REQUIRED WORK: Can you copy out the data exactly? Leave the images out.

INFORMATION SUPPLIED:
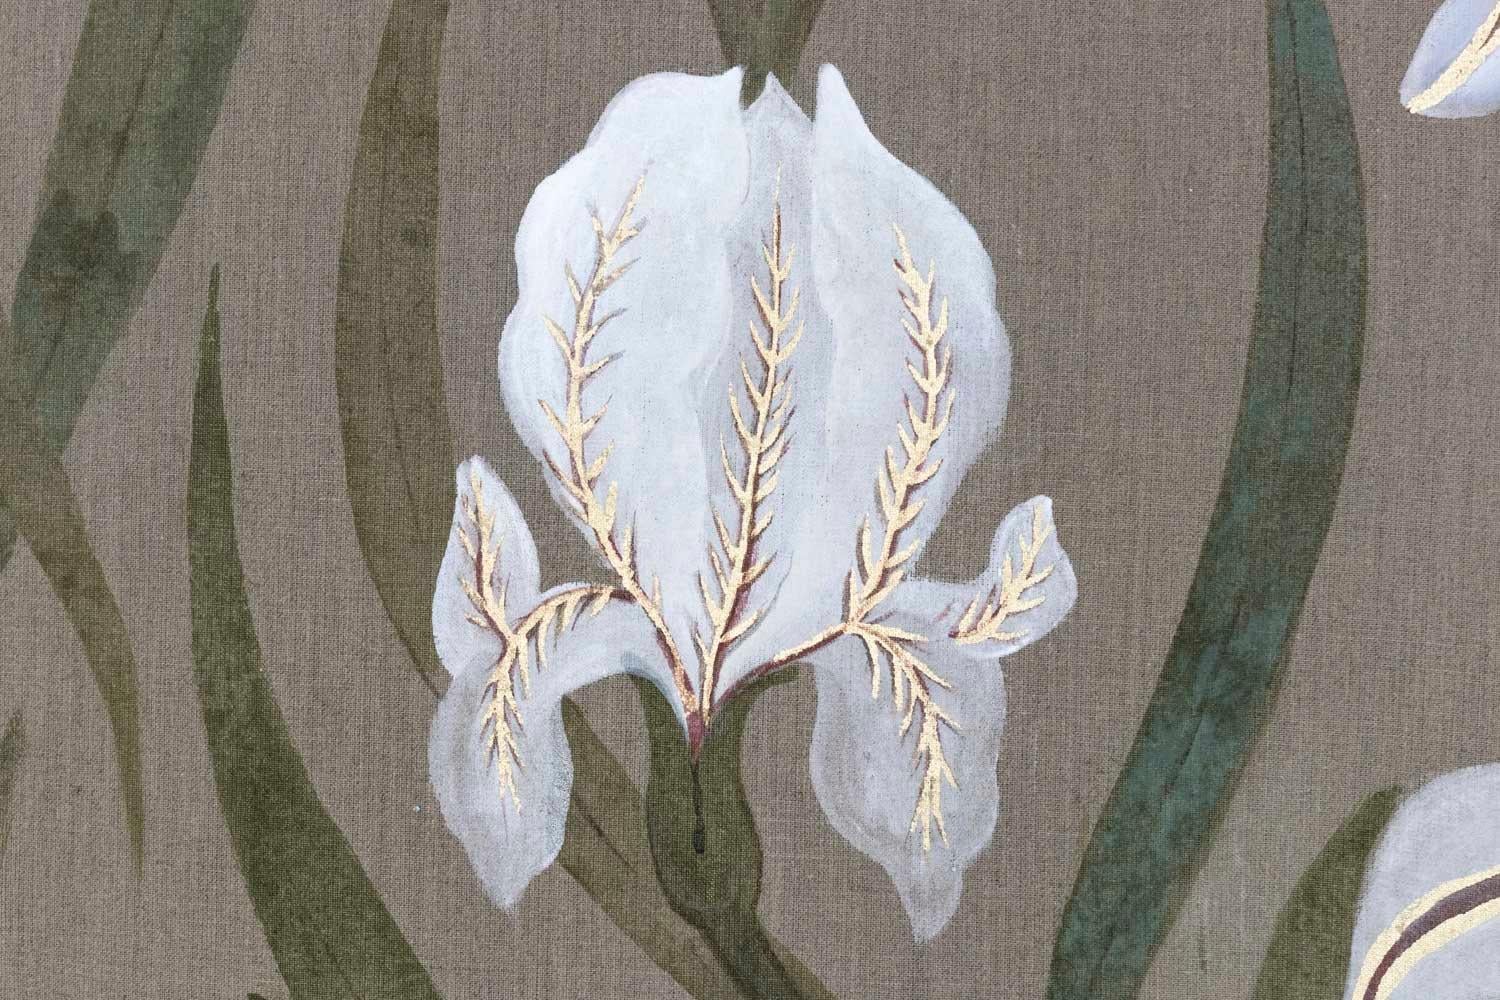 Toile peinte représentant deux singes, un oiseau et une libellule sur des feuilles et des fleurs d'iris blanc, avec des reflets dorés. L'arrière-plan montre le lin brut.

Toile brute de lin peinte à la main avec des pigments naturels et des motifs
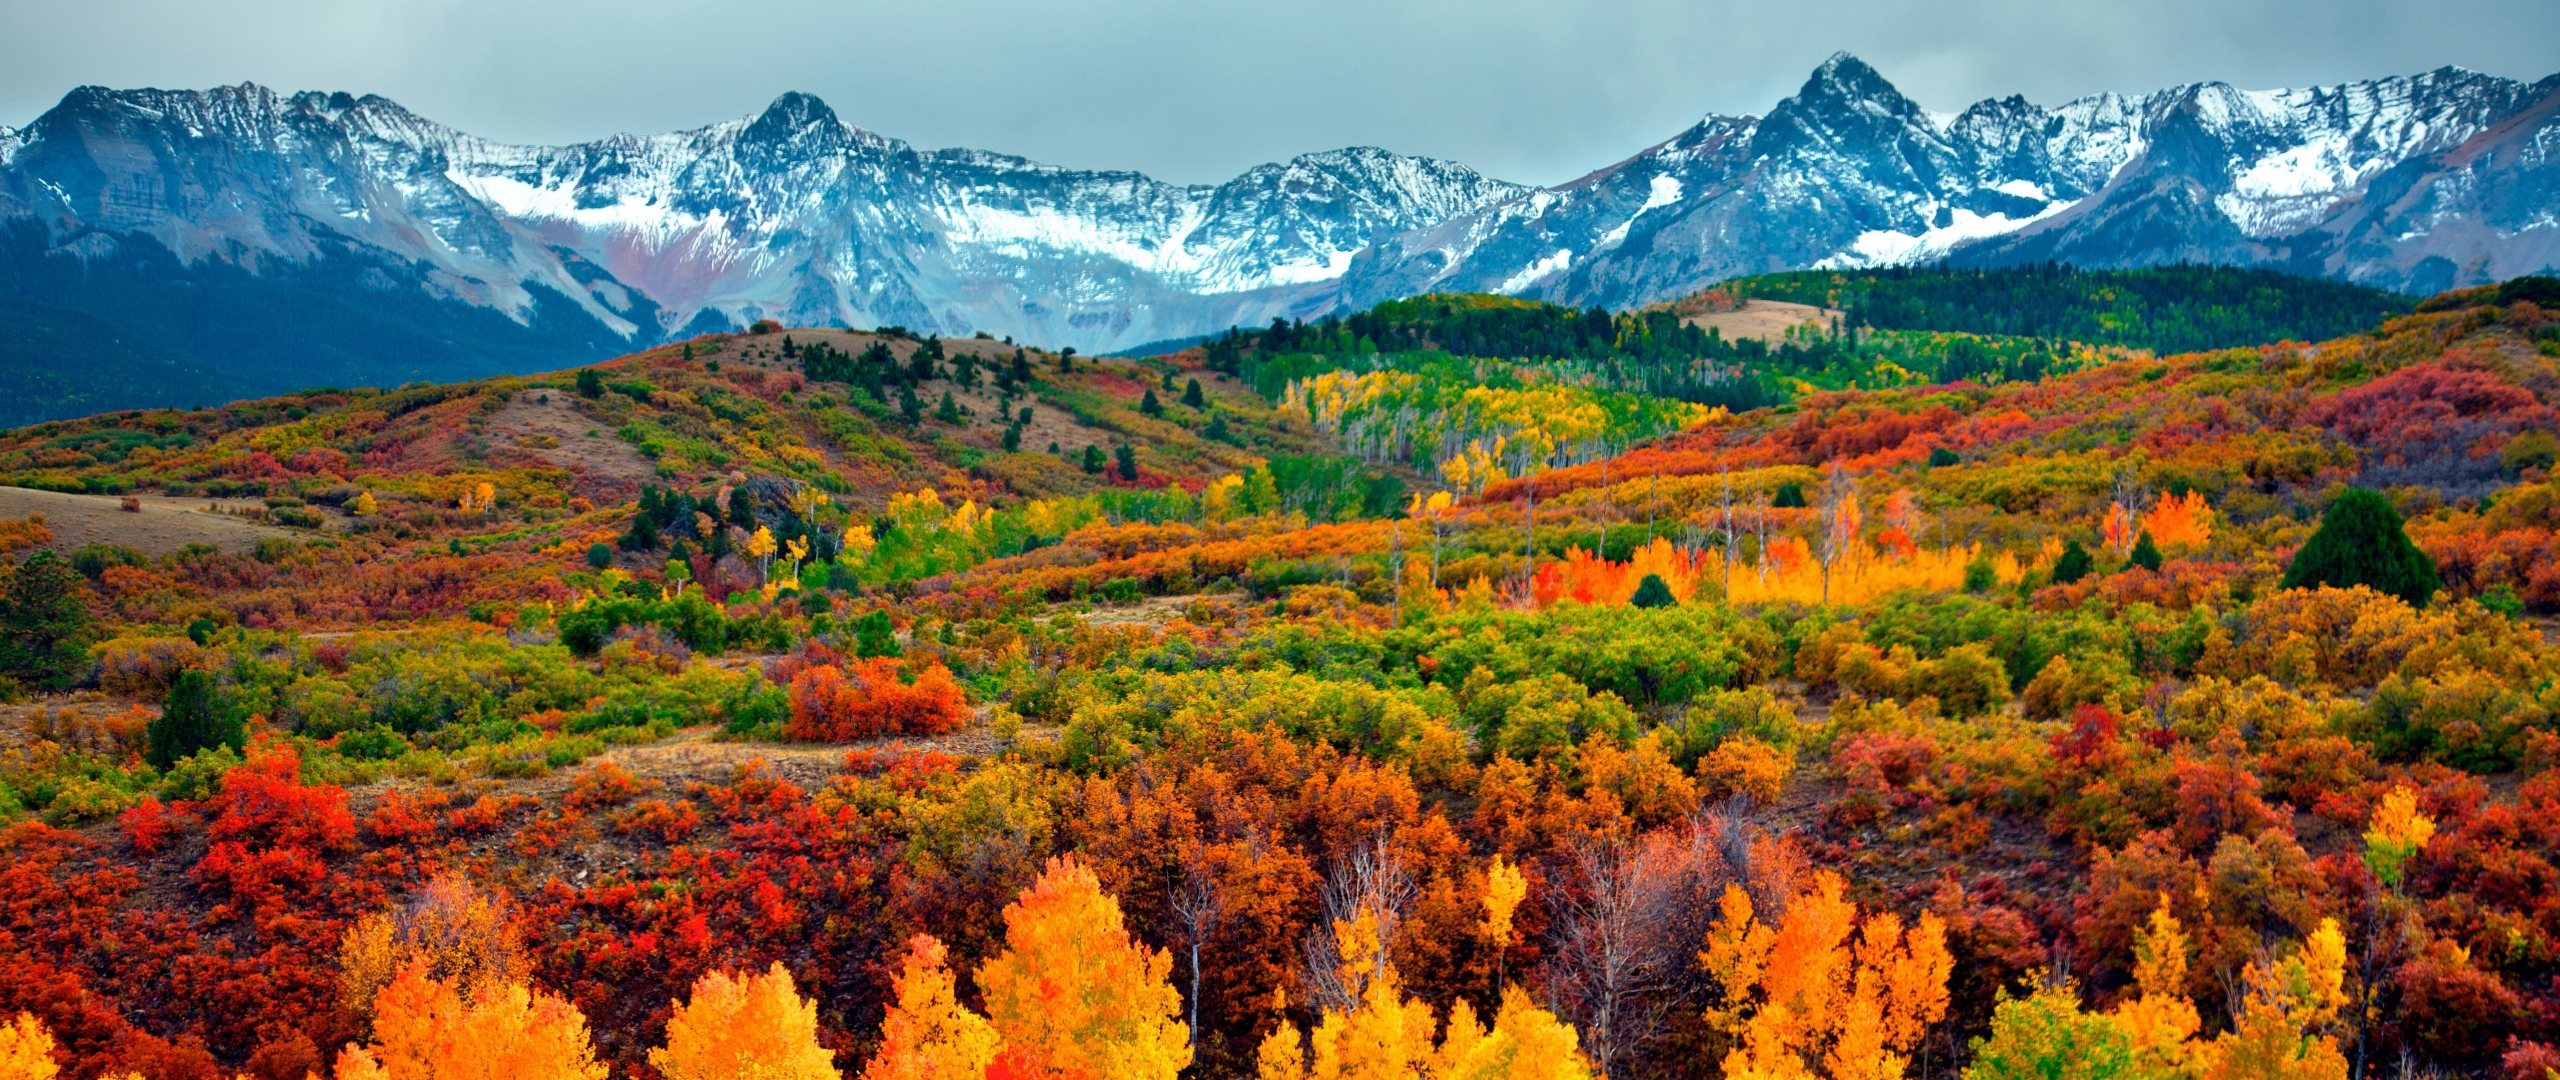 Colorado Fall Colors 2018 - HD Wallpaper

COMPLETED TASK:
 Toile peinte représentant deux singes, un oiseau et une libellule sur des feuilles et des fleurs d'iris blanc, avec des reflets dorés. L'arrière-plan montre le lin brut.

Toile brute de lin peinte à la main avec des pigments naturels et des motifs
 Colorado Fall Colors 2018 - HD Wallpaper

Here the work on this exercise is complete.